> **Supplied information**:
*** Block opens ***
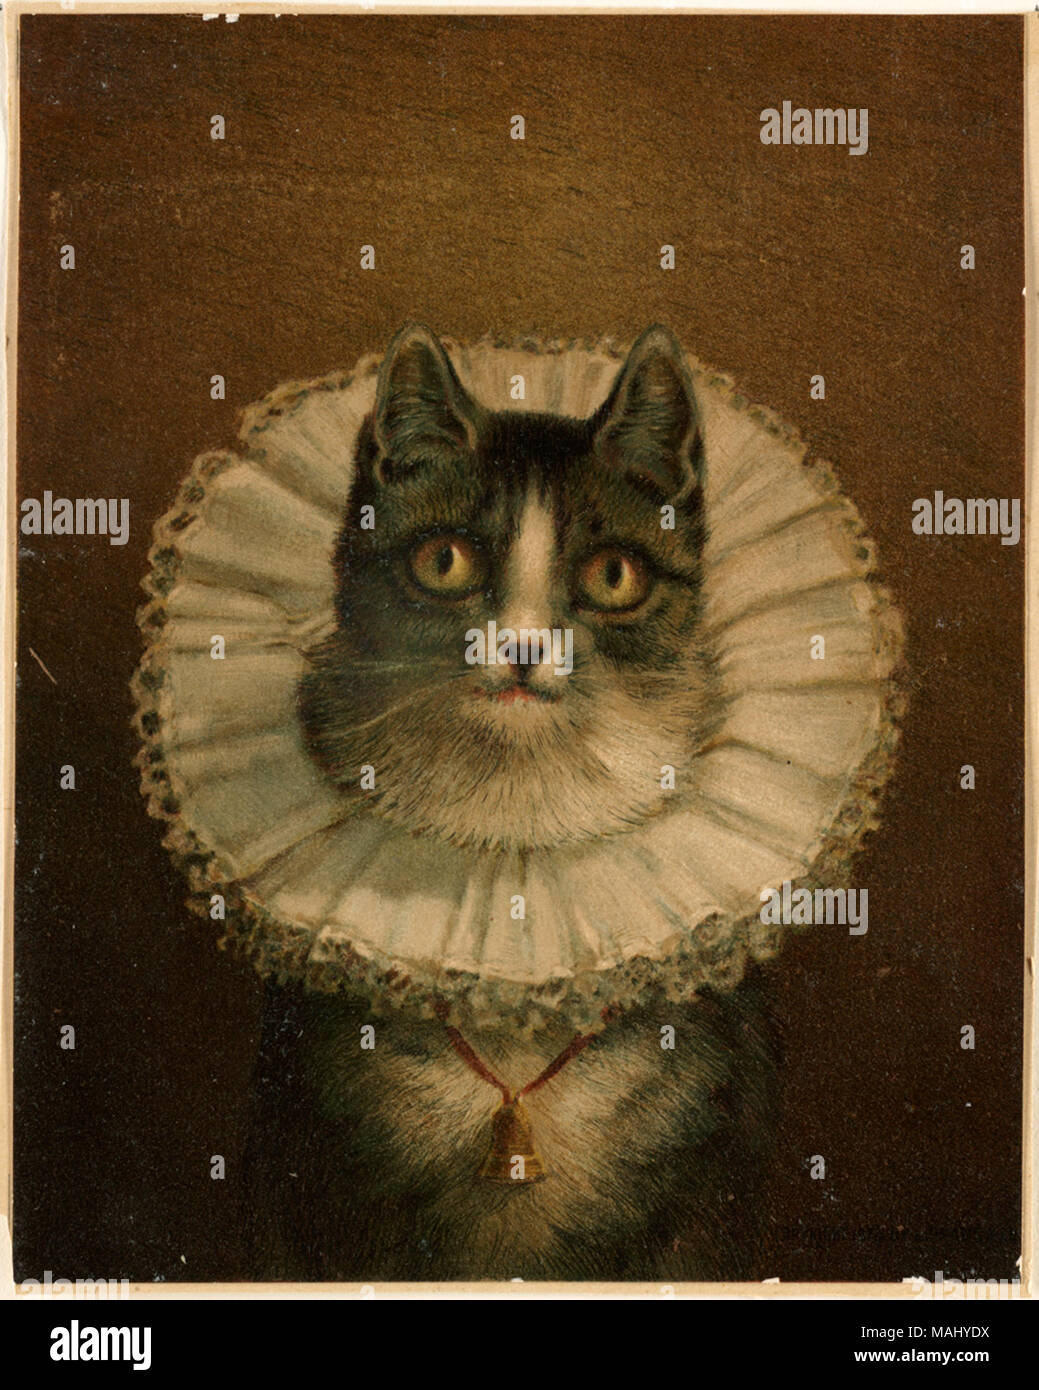 .  English: Shows cat wearing Elizabethan/17-century lace ruff collar. File name: 07 11 000711 Title: The Widow Date issued: 1861-1897 (approximate) Physical description note: Genre: Chromolithographs Location: Boston Public Library,    on 2011-08-07: Camera: Sinar AG Sinarback 54 FW, Sinar m       . 1861-1897 (approximate date of lithograph); Flickr loaded: 2008-07-23 15:08:40 Stock Photo
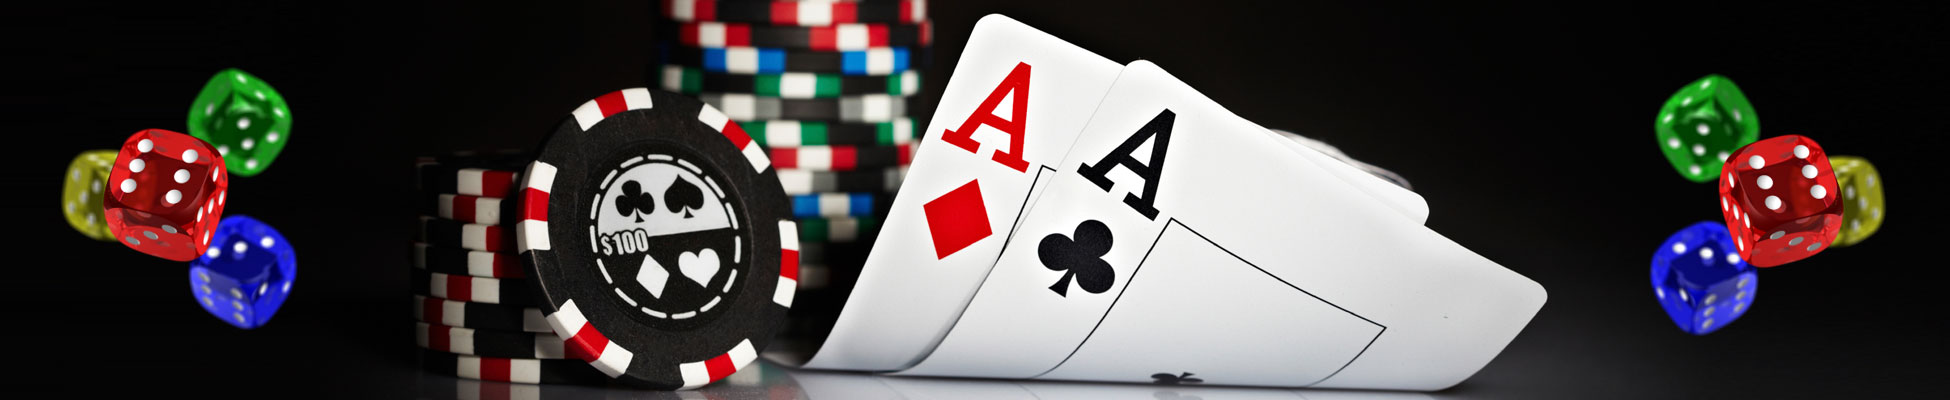 casino games, dice cards and casino chips
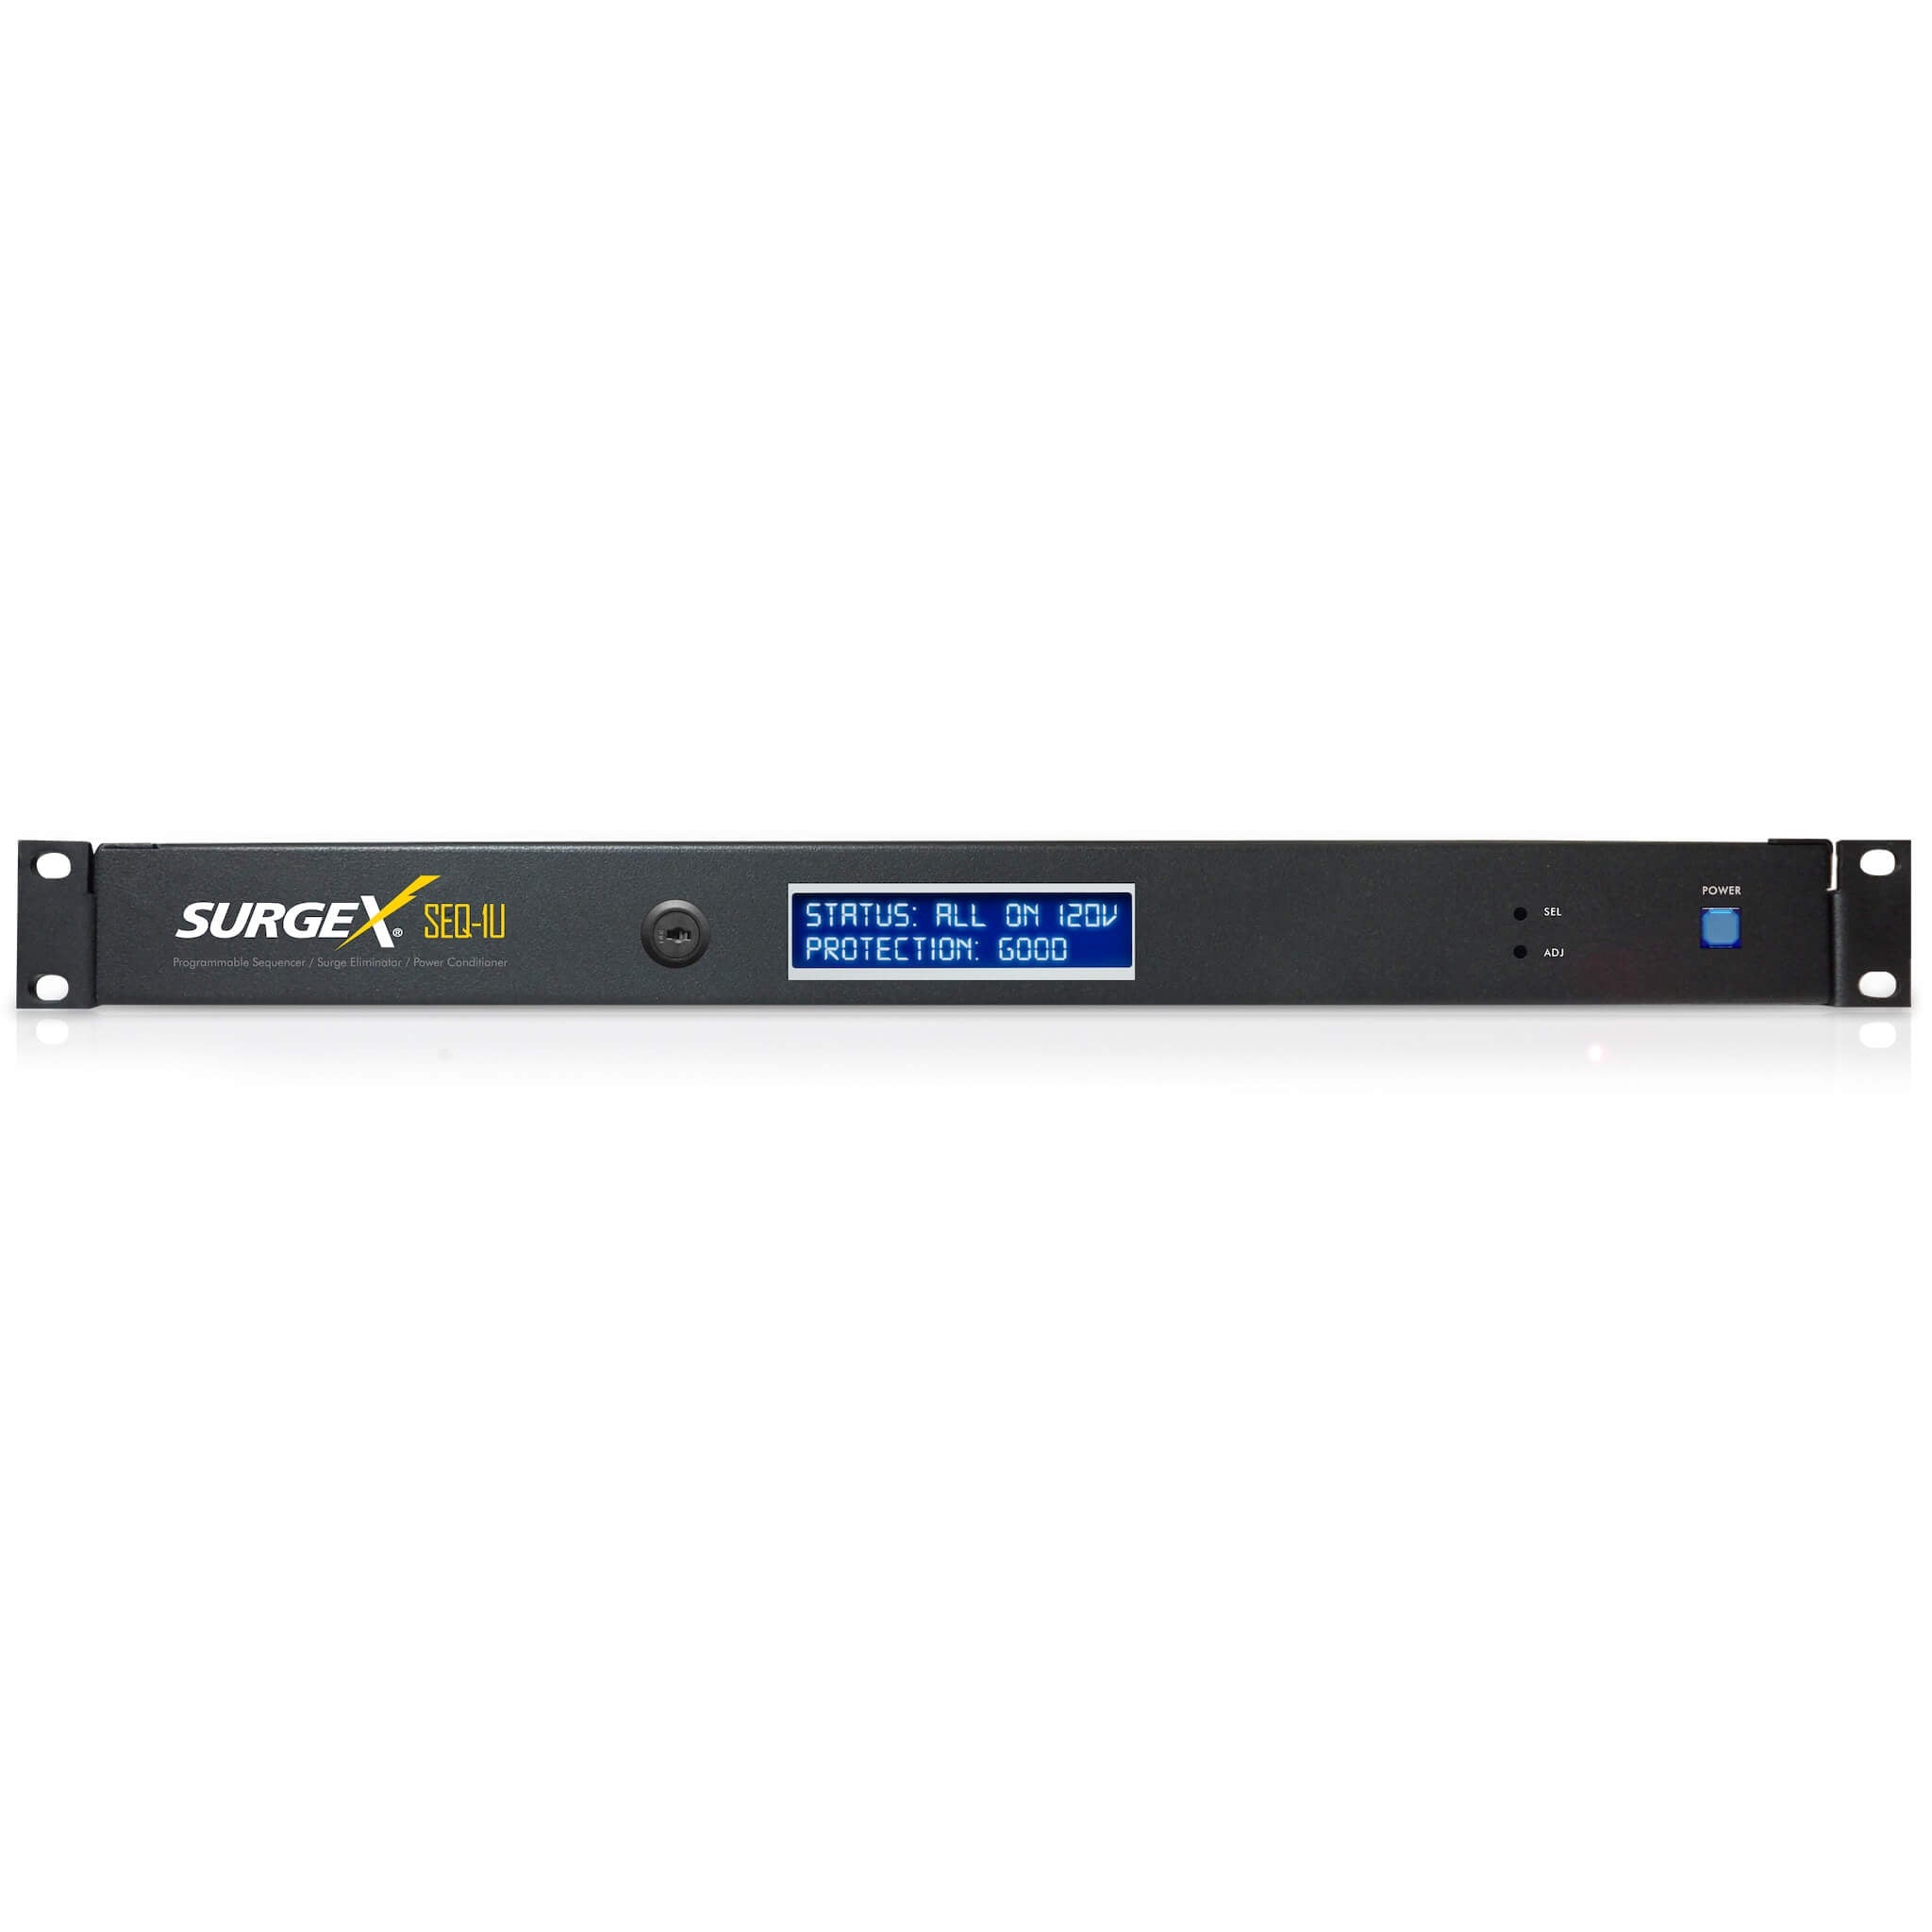 SurgeX SEQ-1U - Sequencing Surge Eliminator and Power Conditioner, front
*** Block closes ***
> **Work to be completed**:
From the line containing "casino games, dice cards and casino chips" to the end of the listing, restate each line word for word and nothing more; the pictures stay out.

> **The completed task**:
 casino games, dice cards and casino chips
 SurgeX SEQ-1U - Sequencing Surge Eliminator and Power Conditioner, front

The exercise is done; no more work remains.